Texto Giulia Barão
Poucos discordam de que um dos trunfos indicadores da grande arte é sua resistência à passagem do tempo. Sobrevivência que se torna ainda mais assombrosa quando não se deve apenas ao valor estético da obra, mas ao fato de representar questões humanas que preferíamos crer serem coisa antiga e superada (ah, o progresso!). Caesar – como construir um império, adaptação da peça de William Shakesperare pelo Diretor Roberto Alvim, tem a potencialidade desse duplo assombro.
Segundo revelado pela equipe da peça, a ideia de montá-la surgiu em 2014, por ocasião dos debates entre os candidatos à presidência da República e as discussões acaloradas que eles geraram entre o eleitorado. É isso mesmo: o cenário pré-eleitoral brasileiro fez Roberto Alvim se lembrar desta obra dramatúrgica escrita por Shakespeare no final do século XVI, baseada em acontecimentos históricos do primeiro século a. C. Terá sido pela maleabilidade discursiva dos candidatos ou a polarização simplista dos posicionamentos no velho esquema amigo-inimigo? Pois no cerne desta obra de Shakespeare está o abismo – que tentamos constantemente amenizar – entre a razão pública e os afetos e motivações particulares.
Não só por causa desse eco contemporâneo das falas da peça, mas também por uma preferência estilística do diretor, o foco da montagem é o texto. Em cena, os dois atores e uma pianista, que interpreta a trilha original de Vladimir Safatle. O palco permanece a maior parte do tempo no escuro, enquanto canhões de luz focam os rostos dos atores e as mãos da pianista. Em determinados momentos pode ficar difícil prestar atenção no que falam atores, porque o piano soa como uma terceira voz. O que não deixa de ser interessante – mais que trilha sonora, a música ao vivo acaba se tornando uma personagem de fundo, interpeladora: como se as vibrações das notas fizessem tremer os discursos dos políticos romanos, evidenciando sua fragilidade.
Discursos que também ganham ênfase pelo primoroso trabalho de voz dos atores Caco Ciocler e Carmo Dalla Vecchia. Os dois se alternam na interpretação dos personagens da trama, que conta a conspiração que levou ao assassinato de Julio César, em pleno Senado romano, por múltiplas facadas. César era amado pelo povo e sua crescente popularidade gera temor por parte de seus colegas de governo. Temor ou inveja? Seu assassinato é justificado sob o argumento do benefício público: matamos o homem antes que ele se torne um tirano. Mas como garantir que ele se tornaria um tirano? E se ele se tornasse, não seria possível reverter a situação por meio da política e não do crime? Que bem público pode realmente advir de um assassinato?
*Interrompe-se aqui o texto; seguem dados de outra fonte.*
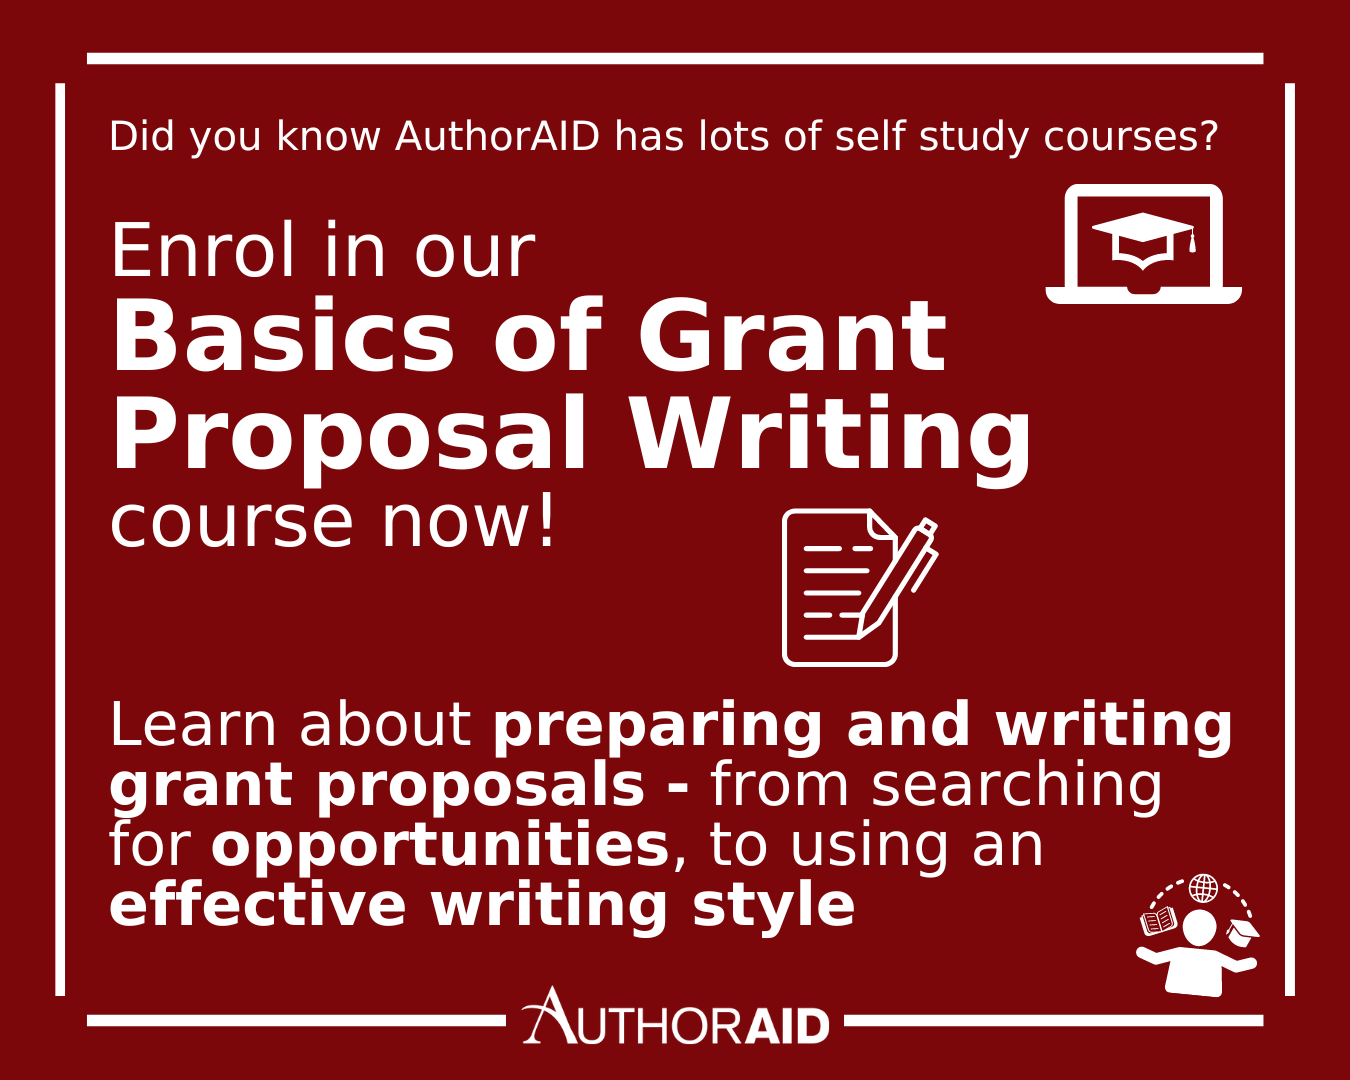 AuthorAID graphic - red background and all text in white. The AuthorAID logo is at the bottom, and a white straight border surrounds all the text. The text reads "Did you know AuthorAID has lots of self-study courses? Enrol in our Basics of Grant Proposal Writing Course now! Learn about preparing and writing grant proposals - from searching for opportunities, to using an effective writing style

A morte de César é sucedida por monólogos e diálogos que evidenciam a falibilidade da suposta razão superior que justificaria o homicídio, e as motivações pessoais que na verdade estavam ali implicadas. Em vez de ser sepultado como tirano, César recebe as homenagens de um homem honrado. Em vez de serem julgados pelo crime, os perpetradores sofrem a retaliação pelas mãos do povo romano. Ou por sua consciência pesada. (Sim, estou evitando spoilers. Vale a pena ler o texto na íntegra!)
Onde falha o poder, vigora a violência, já disse Hannah Arendt. Da Roma Antiga ao Brasil contemporâneo, a promessa da política segue sendo a de criar um espaço público governado por outras leis que não as da vaidade humana. Dói lembrar que falhamos nisso diariamente. Dói um pouco menos quando isso é feito por uma obra dramatúrgica de alta qualidade.
Caesar foi apresentado nos dias 8, 9 e 10 de setembro no teatro Renascença, como parte da programação da 22ª edição do Porto Alegre Em Cena, que segue até o dia 20 deste mês.